Les céliniens savent qu'elle a été forgée dans Bagatelles pour un massacre, où on la trouve à six reprises à la page 265. Paul Gordeaux [1891-1974], journaliste et auteur dramatique, a écrit, en collaboration avec son ami Marcel Espiau [1899-1974], plusieurs pièces à succès au cours des années Trente. Robert Denoël leur a édité Prisonnier de mon cœur, une comédie en trois actes parue en janvier 1938, au même moment que le pamphlet de Céline.

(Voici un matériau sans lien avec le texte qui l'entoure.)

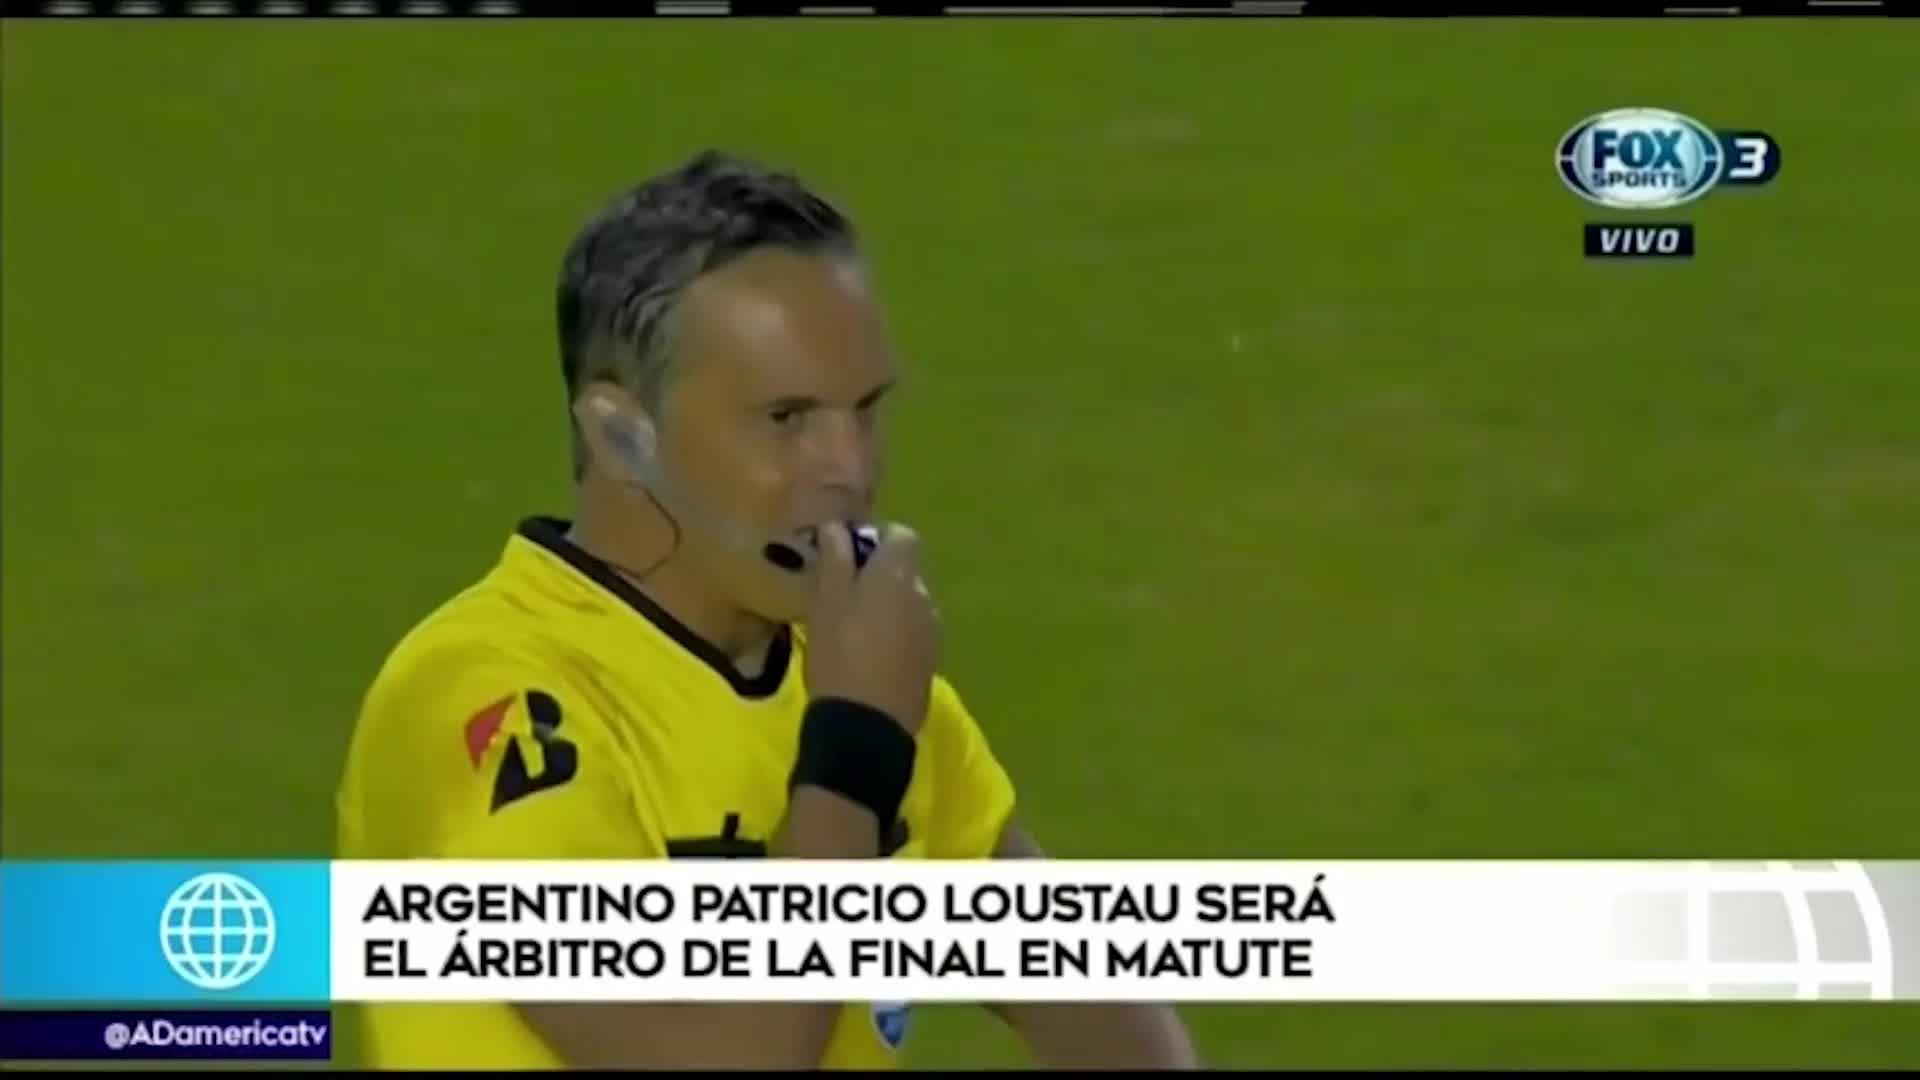 Patricio Loustau, el árbitro argentino que dirigirá la final entre Alianza Lima y Binacional

Son ami Pierre Bénard [1901-1946], rédacteur en chef du Canard, l'aura popularisée. C'est une information intéressante, mais qui méritait d'être complétée.

 

Octobre

 

Je fus à Béduer, dans le château acquis en 1939 par Jeanne Loviton, et revendu en 1985 à Roy Brown, un gentilhomme anglais, qui m'y invita durant une semaine. Béduer est sans doute le seul endroit où Jeanne n'ait jamais triché : « je retrouve mon Béduer des rêves que j'y ai tissés », écrivait-elle à Denoël, le 12 juillet 1945. L'endroit est enchanteur, car Béduer n'est pas un château à la mode récente, mais un castel moyenâgeux parfaitement restauré.

    

Ses caves abritèrent des centaines de films anciens appartenant à la Cinémathèque française durant la guerre. Le plancher d'une chambre recelait un coffre placé là en décembre 1945. Il était vide mais ne l'était certainement pas quand Jeanne Loviton l'y dissimula. Qu'avait-il contenu ? Probablement des papiers compromettants, mais le mystère demeure.

Le 27 : Décès du journaliste et écrivain liégeois Jean Jour. En 2006 il avait publié une biographie de Robert Denoël aux Editions Dualpha, qui n'eut pas le succès escompté, faute d'une diffusion efficace. Il était né le 9 avril 1937 dans l'île liégeoise d'Outremeuse, comme Simenon.

        

 

Décembre

 

Le 2 : mise en vente à l'Hôtel Drouot d'un ensemble exceptionnel d'œuvres de Gen Paul. On ne sait s'il s'agit de l'atelier de l'artiste ou d'une collection privée. Il ne s'y trouve guère de livres illustrés mais un dessin original pour Mort à crédit (encre et gouache, 24 x 18 cm), daté 1937 et non retenu pour l'édition de 1942, indique que l'artiste s'est attelé très tôt à l'illustration du roman.

    Dessin pour Mort à crédit, 1937

 

Le 2 : vente aux enchères par la maison Alde d'éditions originales d'auteurs des XIXe et XXe siècles. On y trouve un exemplaire curieux des Nouvelles révélations de l'Etre, une brochure d'Antonin Artaud publiée anonymement chez Denoël en juillet 1937. Celui-ci est somptueusement enrichi d'une dédicace à Paule Thévenin [1918-1993], qui publia après la guerre les Œuvres complètes de l'auteur chez Gallimard. Estimé 2 à 3000 euros, l'exemplaire a réalisé 5 500 euros.

    

 

Le 12 : mise en vente à l'Hôtel Drouot de deux brouillons de lettres de Jean Genet à Me Roland Dumas, son avocat dans le procès qui l'a opposé en 1978 à son ancien éditeur Marc Barbezat [détail dans la présente chronologie, à la date du 25 décembre 1943]. Estimés 1 200/1 500 euros, ils en ont réalisé 1 400.